Croatian officials and representatives of Serb, Jewish, Roma and antifascist organisations attended the ceremonies marking 80 years since hundreds of prisoners attempted a breakout on 22 April 1945.
Only 92 people survived the attempt out of some 600 men, according to the Jasenovac memorial centre data.
Prisoners at the camp, known as the Balkan Auschwitz, also included women and children.
Slavko Milanovic, born in 1937, was just a child when he was brought to Jasenovac with his mother, aunt and sister. Milanovic still remembers how prison guards separated children from their mothers.
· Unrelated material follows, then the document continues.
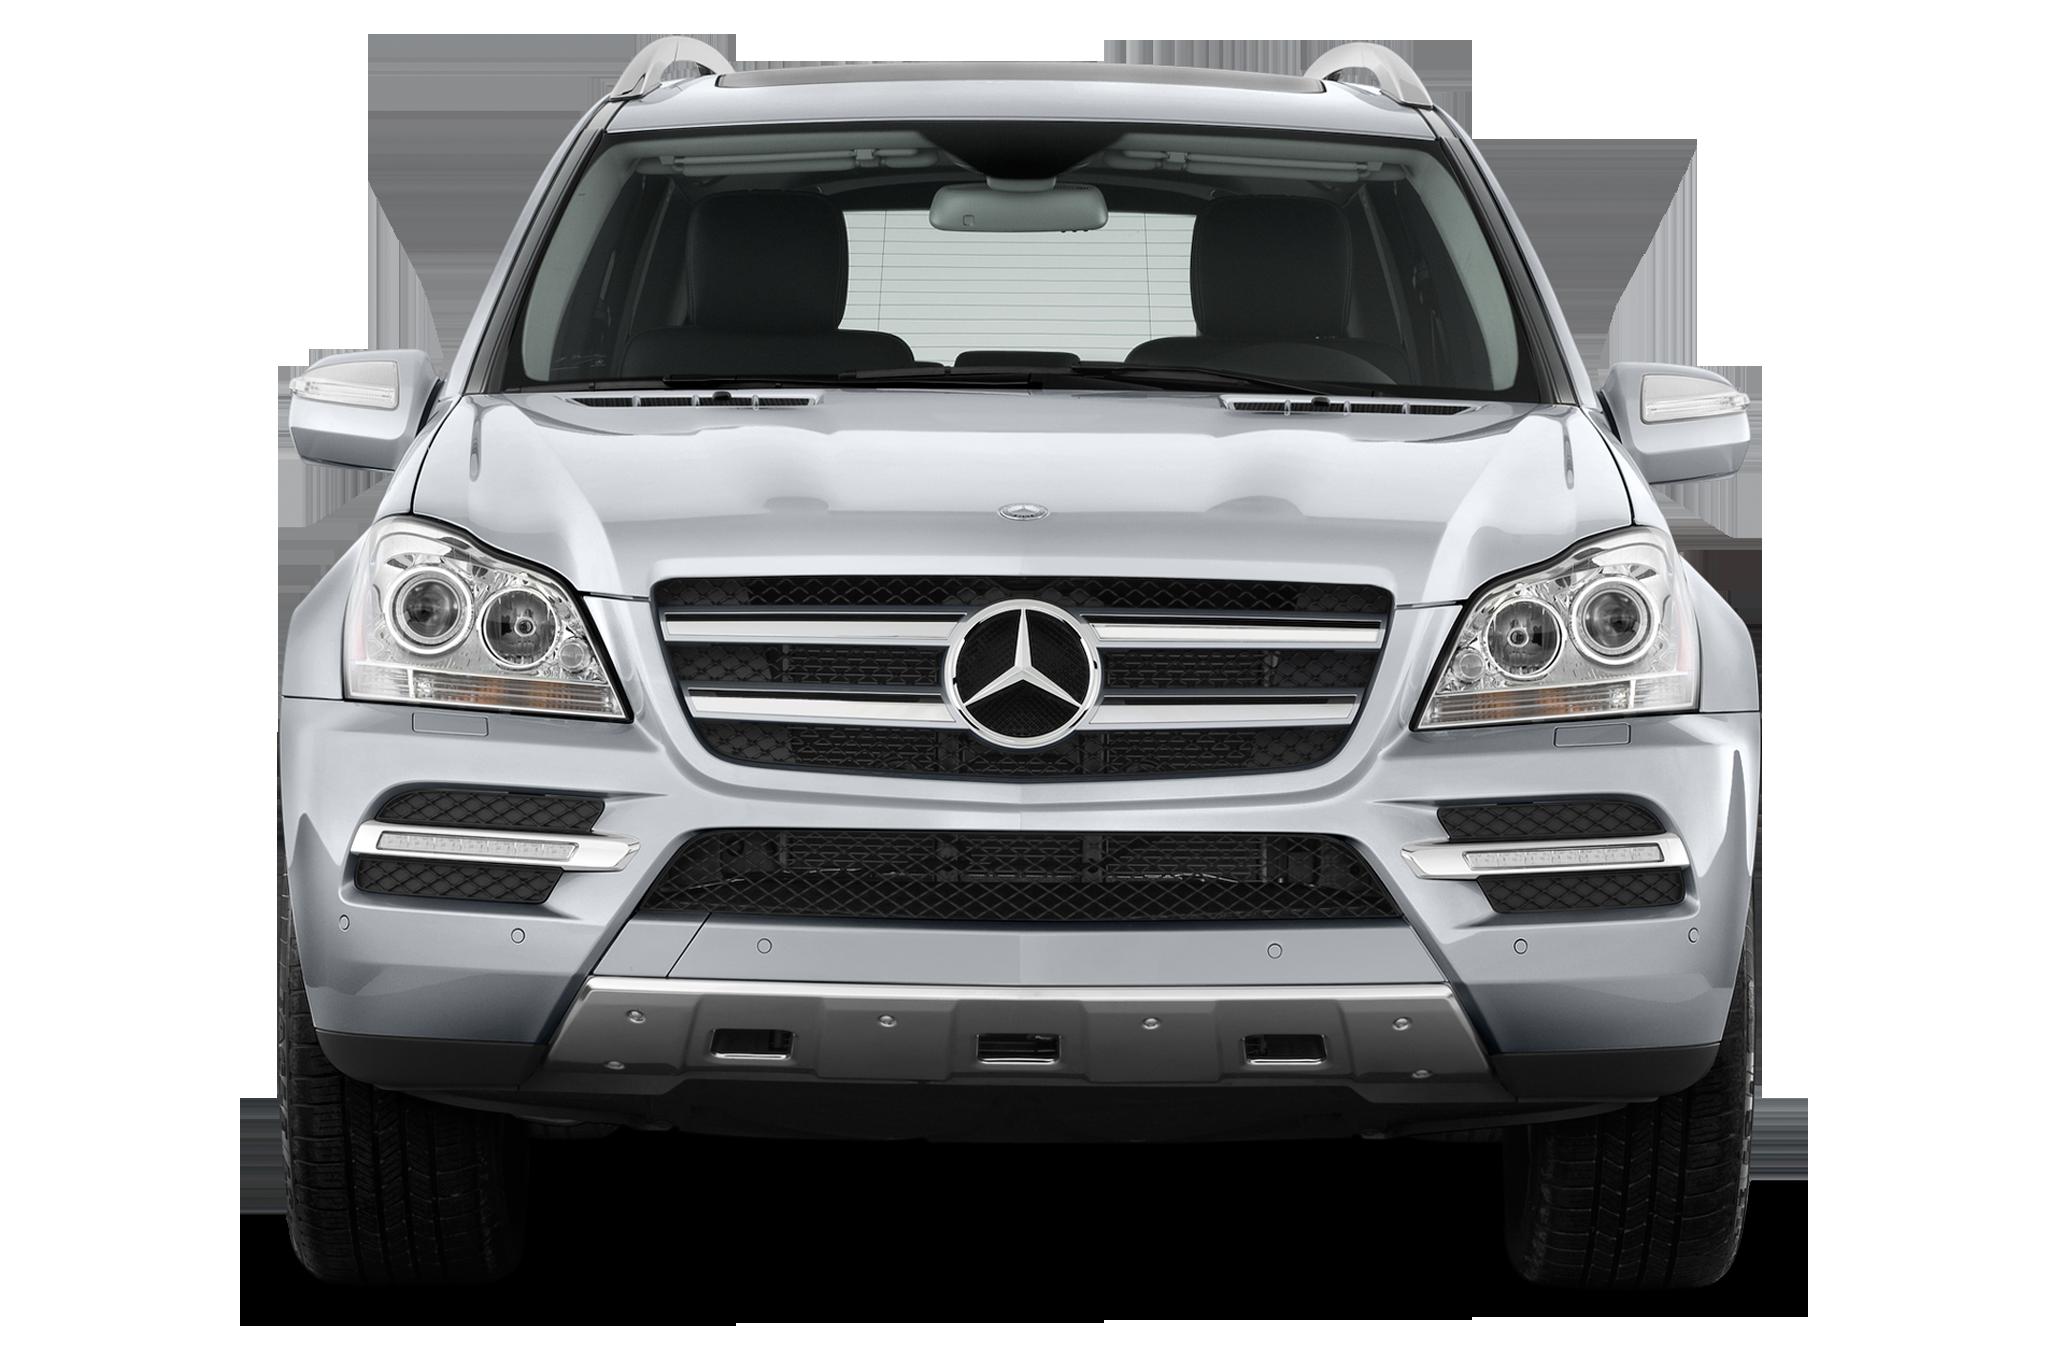 2012 mercedes benz gl550 4matic editors 39 notebook for Mercedes benz gl450 suv
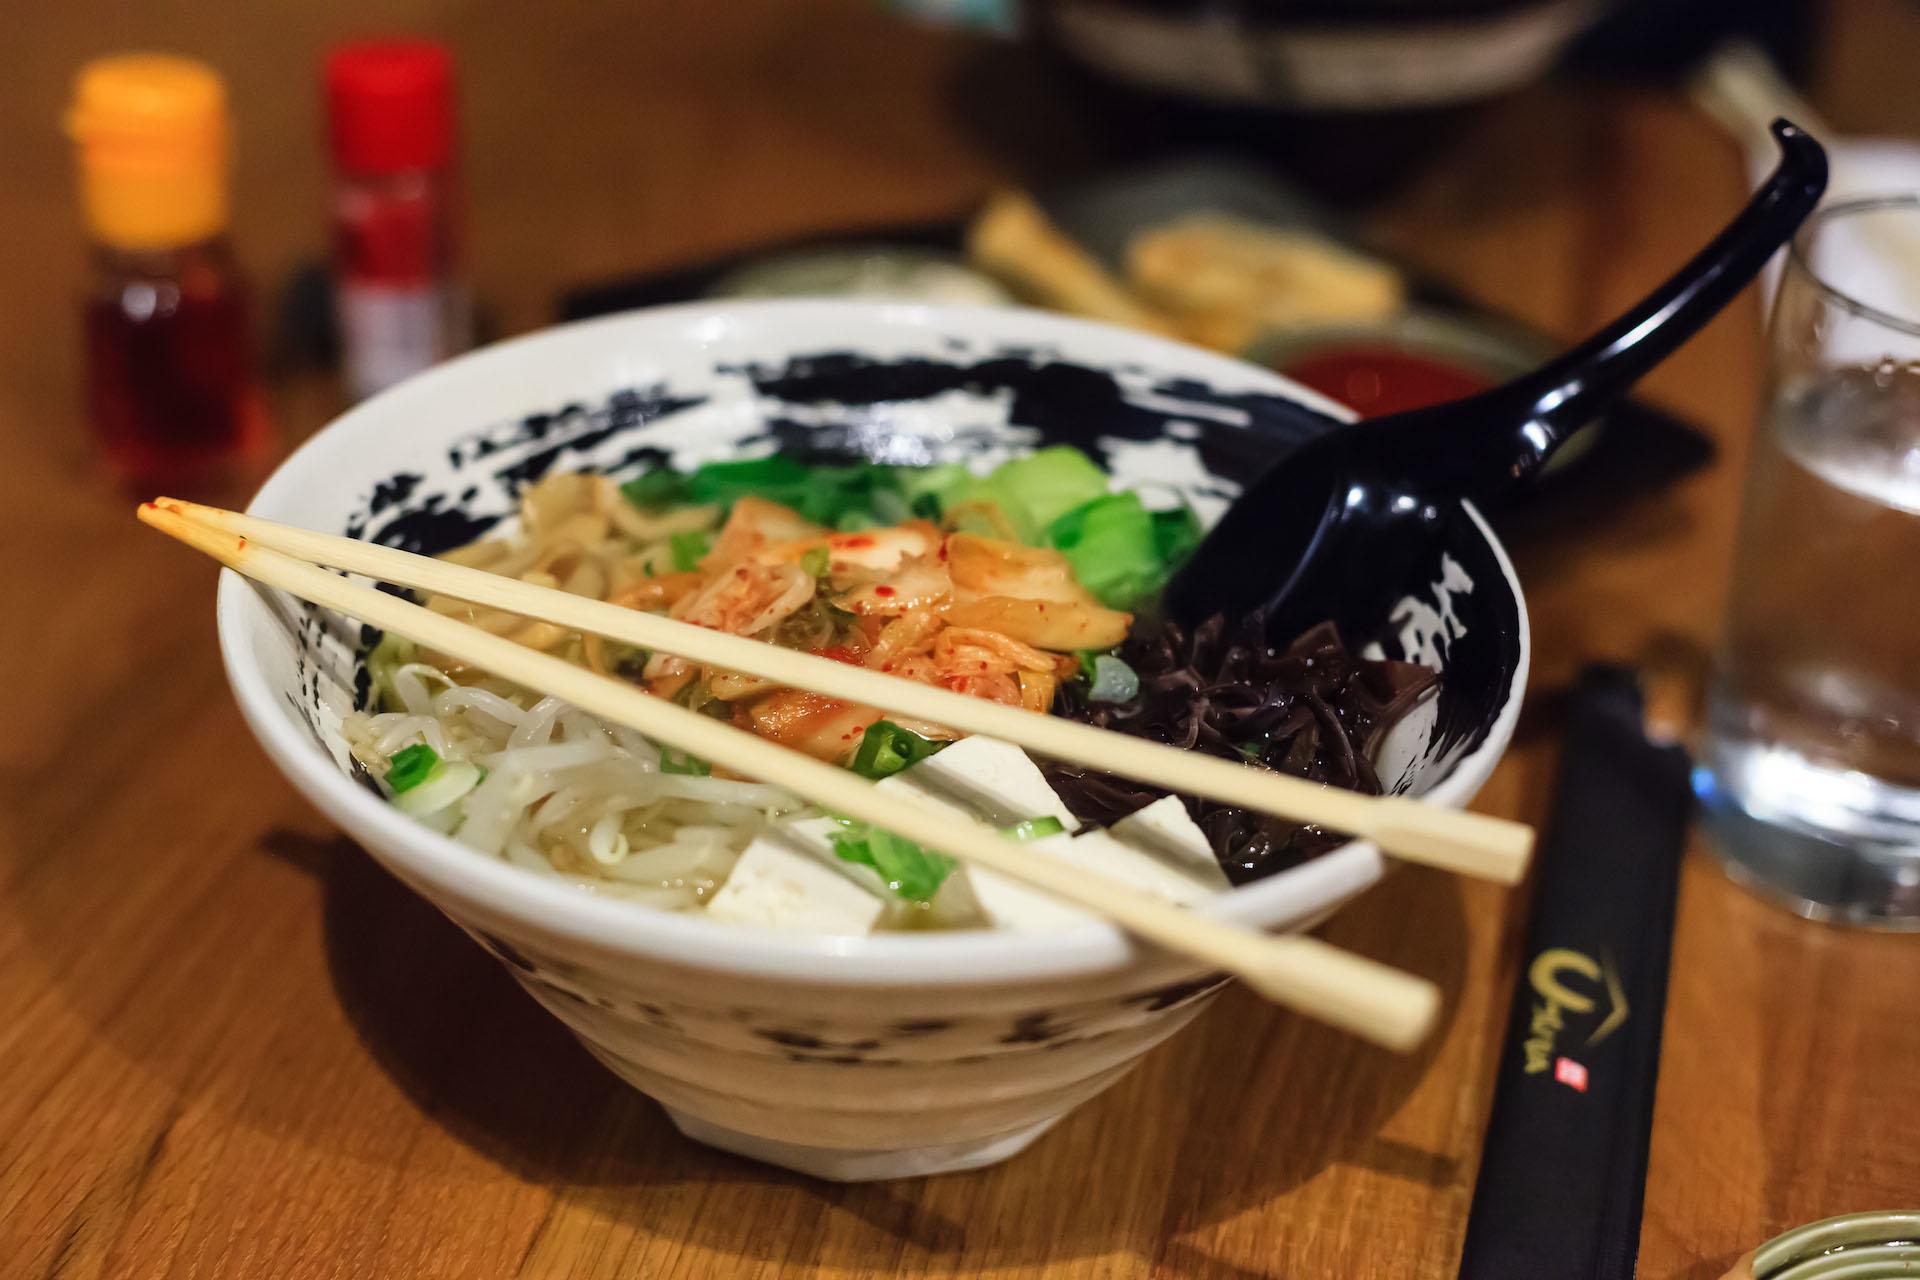 The vegan shio ramen with kimchi.

“When my mother saw that she covered me and my sister with cloths that we used to sleep on,” Milanovic said. “My sister was fragile, she died right there in my mother’s arms.”
Jasenovac, located about 100 kilometres southwest of the capital Zagreb, was the most notorious in a system of camps in the area where victims were rounded up, brutally tortured and executed.
Official Croatian data show that more than 83,000 people were killed in Jasenovac while Serbs say the numbers were much higher, possibly in the hundreds of thousands.
The ceremonies on Tuesday included laying of flowers and wreaths, lighting of candles and a commemorative programme.
Participants walked along a path marked with railway tracks that were used to transport the camp prisoners.
“Such crimes must never be forgotten and what is even more important, they must never be repeated,” said Croatian Prime Minister Andrej Plenkovic.
Plenkovic’s conservative government has in the past faced accusations that it was not doing enough to curb resurging pro-Nazi sentiments in the country, which led to a years-long boycott of the state-run Jasenovac commemoration ceremonies by the Serb and Jewish groups.
“I am extremely pleased that everyone attended,” Ognjen Kraus, who heads an association of Jewish municipalities in Croatia, said.
“The commemoration, after a long while, was as it should be.”
Croatia, now a member of the European Union, was part of the former, Communist-run Yugoslavia after WWII.
The six-member federation broke up in the 1990s in a series of ethnic conflicts, forming today’s Bosnia and Herzegovina, Croatia, Macedonia, Montenegro, Serbia and Slovenia.